*Stored data*
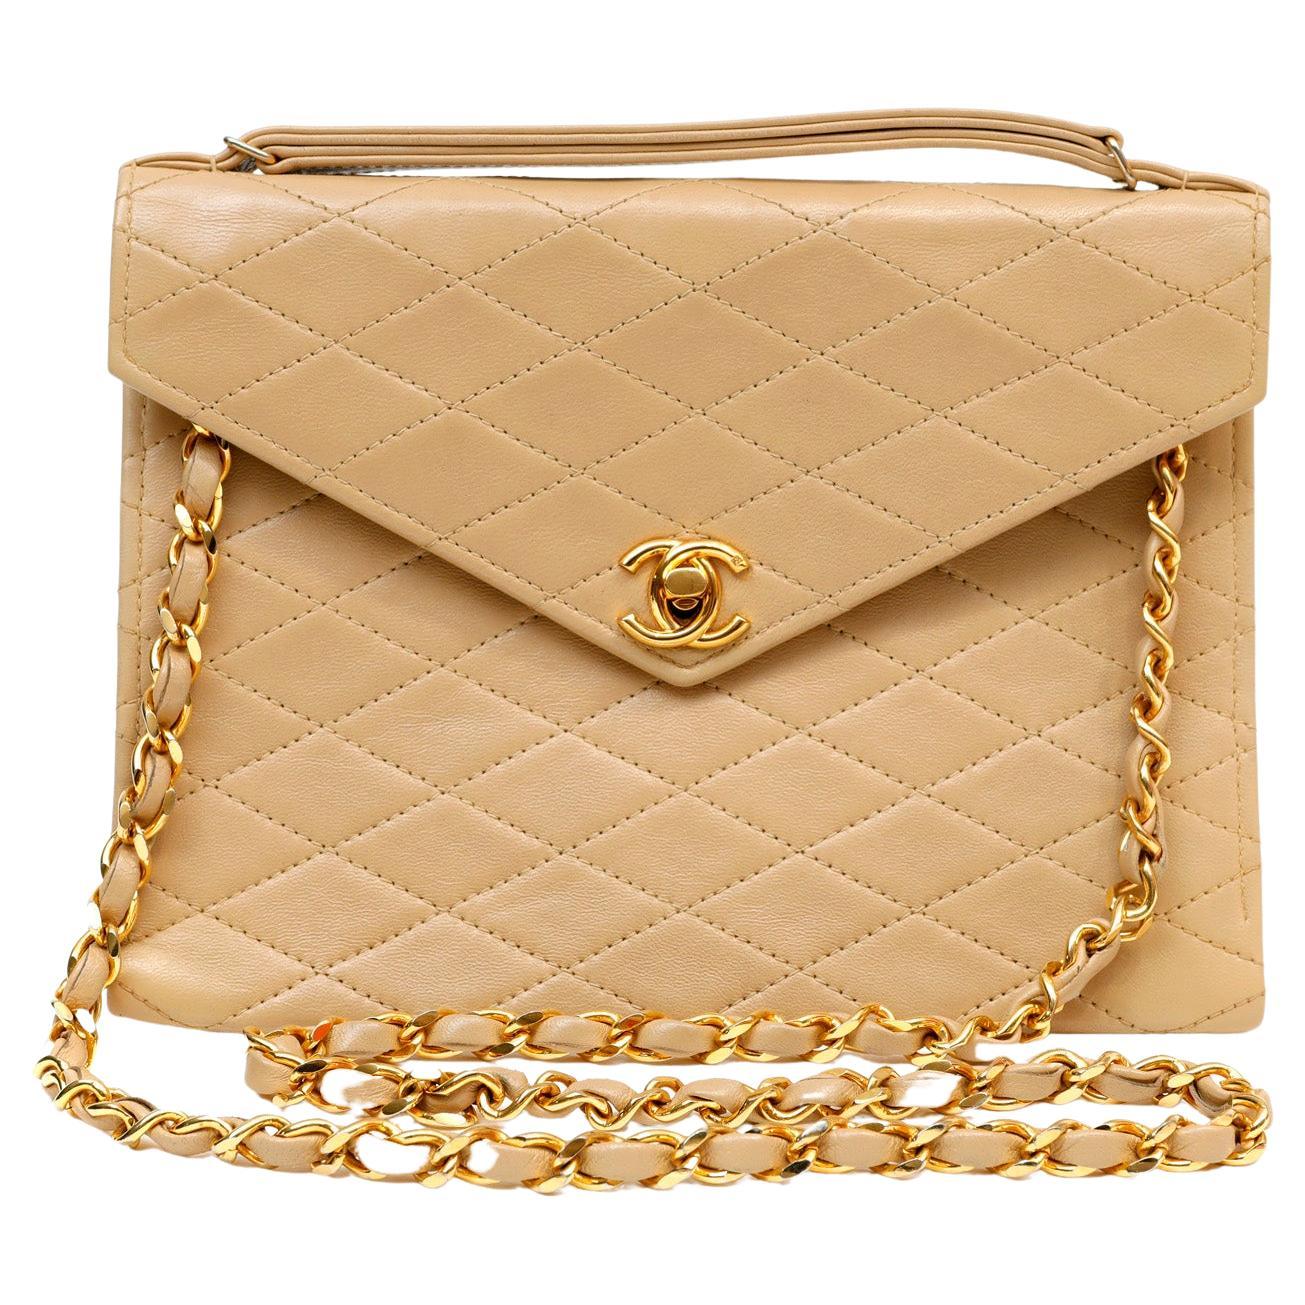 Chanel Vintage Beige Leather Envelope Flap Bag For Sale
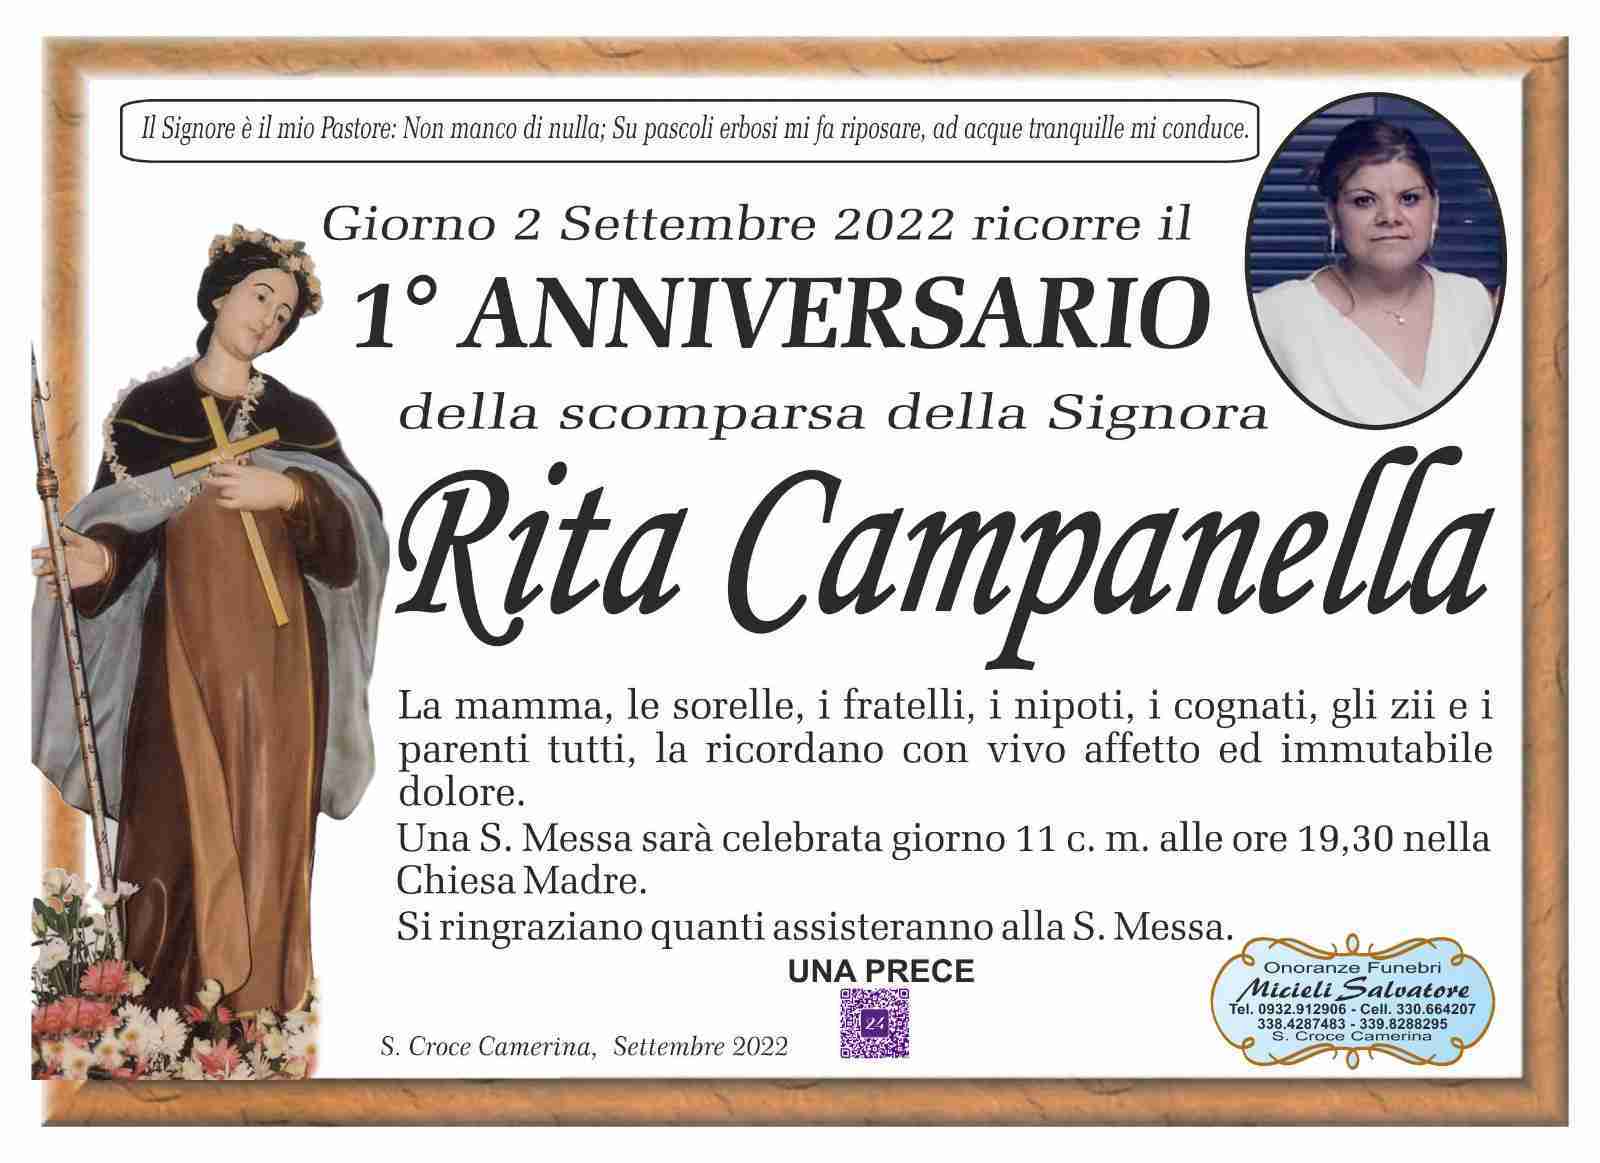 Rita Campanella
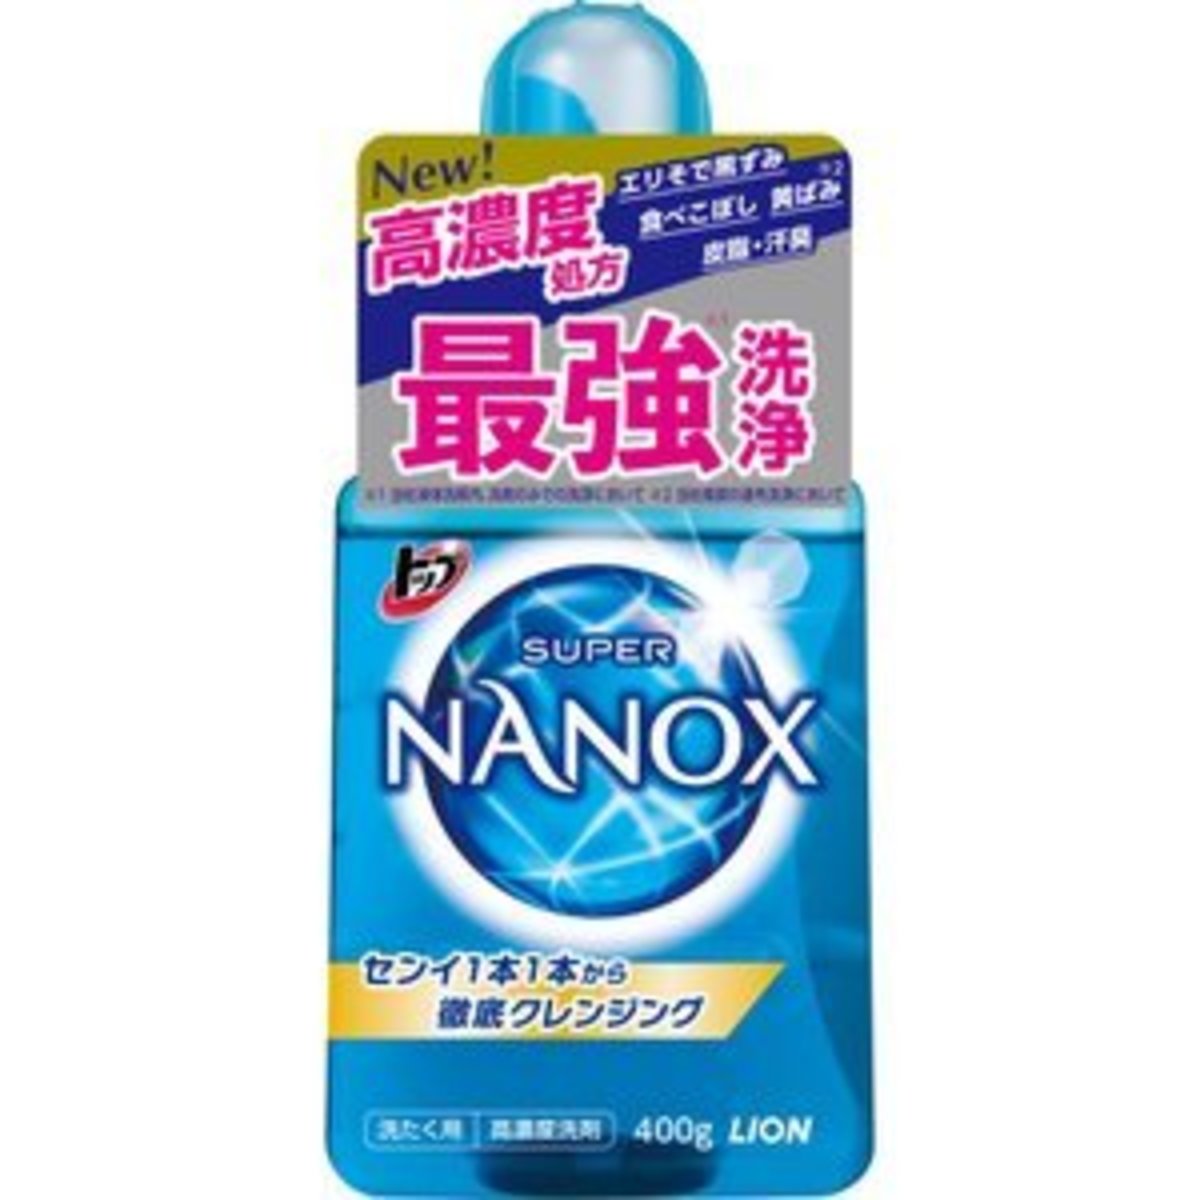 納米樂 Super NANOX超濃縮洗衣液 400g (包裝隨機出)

*What the task requires*
From the first line to the last, write out the data exactly, omitting any pictures.

*Exercise result*
 Chanel Vintage Beige Leather Envelope Flap Bag For Sale
 Rita Campanella
 納米樂 Super NANOX超濃縮洗衣液 400g (包裝隨機出)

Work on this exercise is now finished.